Reasonable tension and periodic stress promote tendon healing [22]. Some scholars believe that the length of the Achilles tendon defect directly correlates with the loss of type I collagen fibres, the repair time, the and tension load used to directly anastomose the two ends of the Achilles tendon. If repaired through grafting or transfer surgery, the reconstructed Achilles tendon conduction chain often differs significantly from the biomechanical conduction of the original chain, making it more challenging to maintain appropriate cyclical tension and resulting in poorer healing [23]. In this study, the length of the Achilles tendon defect was linearly and negatively correlated with the patient's postoperative ankle joint function score (Fig. 5). In the multivariate regression analysis (Tables 5 and 6), the length of the Achilles tendon defect was shown to be an independent risk factor affecting the patient's postoperative ankle joint function (PAOFAS = 0.013, ORAOFAS = 0.731, 95% CI: 0.570 ~ 0.937). Appropriate cyclical stress can coordinate various healing mechanisms at the microscopic level and improve the structural reconstruction of Achilles tendon tissue. Excessive Achilles tendon defects, whether end-to-end anastomosis or transfer grafting, lead to excessive tension load or cyclical stress disorders, which affect patient prognosis. Therefore, the length of the Achilles tendon defect plays an important role in the assessment of injury during Achilles tendon reconstruction and in postoperative functional prediction. During Achilles tendon repair surgery, efforts should be made to restore the original biomechanical conduction chain of the Achilles tendon. When the defect length is significant, tendon grafting or transfer reconstruction should be used to prevent excessive anastomotic tension and poor prognosis.

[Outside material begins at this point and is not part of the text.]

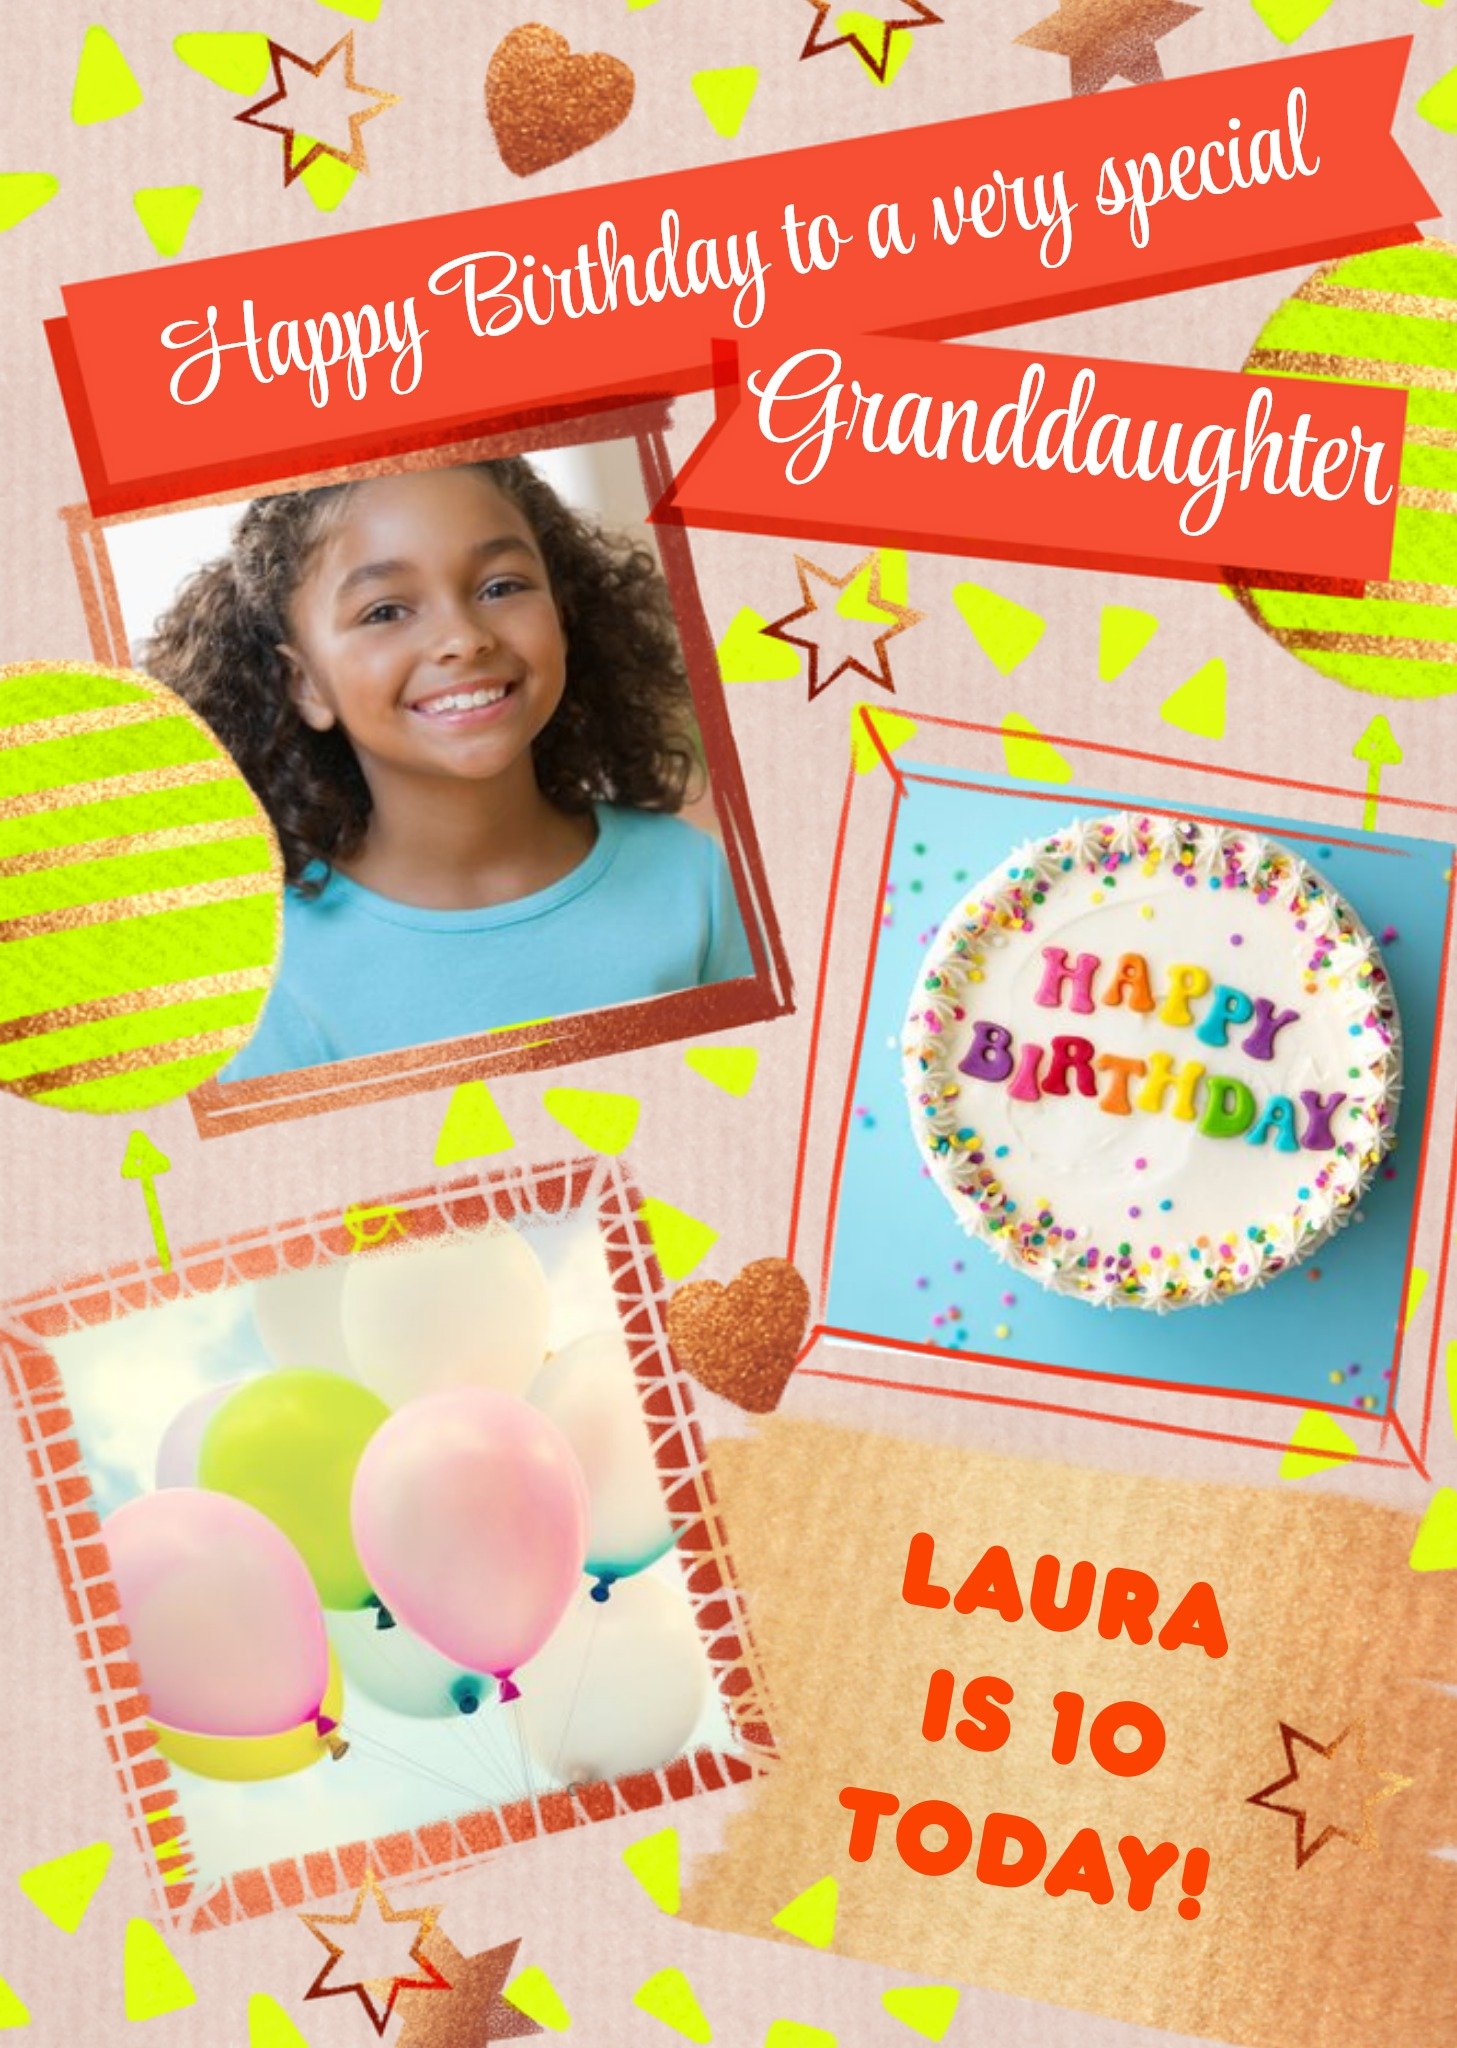 Moonpig To A Very Special Granddaughter Photo Upload Birthday Card, Large

A certain amount of tension should also be maintained during anastomosis to avoid laxity.

Clinical classifications usually guide surgical treatment, and the Myerson classification divides Achilles tendon defects into the following: type I, with defects less than 2 cm in size; type II, with defects between 2 and 5 cm in size; and type III, with defects more than 5 cm in size[24]. The analysis of the correlation of the Achilles tendon injury classification (Fig. 3) in this study revealed that patients with higher-grade injuries had lower long-term postoperative ankle joint function scores than those with lower-grade injuries. Indeed, the length of the Achilles tendon defect and the defect area in the heel region are important criteria for assessing the severity of Achilles tendon defects according to the Myerson classification. Therefore, we believe that the Myerson classification is correlated with long-term postoperative ankle function in patients, likely because of differences in the length of the Achilles tendon defect and the defect area of the heel region. Patients with open Achilles tendon defects have thin skin around the heel region and poor blood supply. After suffering high-energy injuries, they are prone to ischaemia and necrosis, which subsequently lead to wound infection. If flap coverage treatment is not applied, the patient’s prognosis is usually poor. This study analysed the correlation between preoperative wound infection and long-term postoperative ankle joint function in the affected limb (Fig. 4). The results revealed no correlation between the two scores (PAOFAS = 0.690, PATRS = 0.759). Because the duration of preoperative infection in patients with open Achilles tendon defects does not exceed 4 weeks, its impact on the prognosis may be minimal. Of course, we cannot rule out systematic errors due to the small sample size.

Currently, the comparability of various studies on the repair of open Achilles tendon defects, both domestically and internationally, is relatively low. The evaluation indicators are primarily subjective and lack objective evaluation criteria. Among the few literature reports with objective evaluation standards, most are single-centre retrospective studies with small sample sizes, which limits the role of statistical analysis.